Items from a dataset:

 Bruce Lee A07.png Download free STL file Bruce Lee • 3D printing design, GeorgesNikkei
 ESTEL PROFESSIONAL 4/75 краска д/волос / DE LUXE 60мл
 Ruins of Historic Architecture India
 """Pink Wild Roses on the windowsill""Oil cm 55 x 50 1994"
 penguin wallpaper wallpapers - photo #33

▸ **About this exercise**
Copy every record precisely, omitting nothing.

▸ **Reply to the exercise**
 Bruce Lee A07.png Download free STL file Bruce Lee • 3D printing design, GeorgesNikkei
 ESTEL PROFESSIONAL 4/75 краска д/волос / DE LUXE 60мл
 Ruins of Historic Architecture India
 """Pink Wild Roses on the windowsill""Oil cm 55 x 50 1994"
 penguin wallpaper wallpapers - photo #33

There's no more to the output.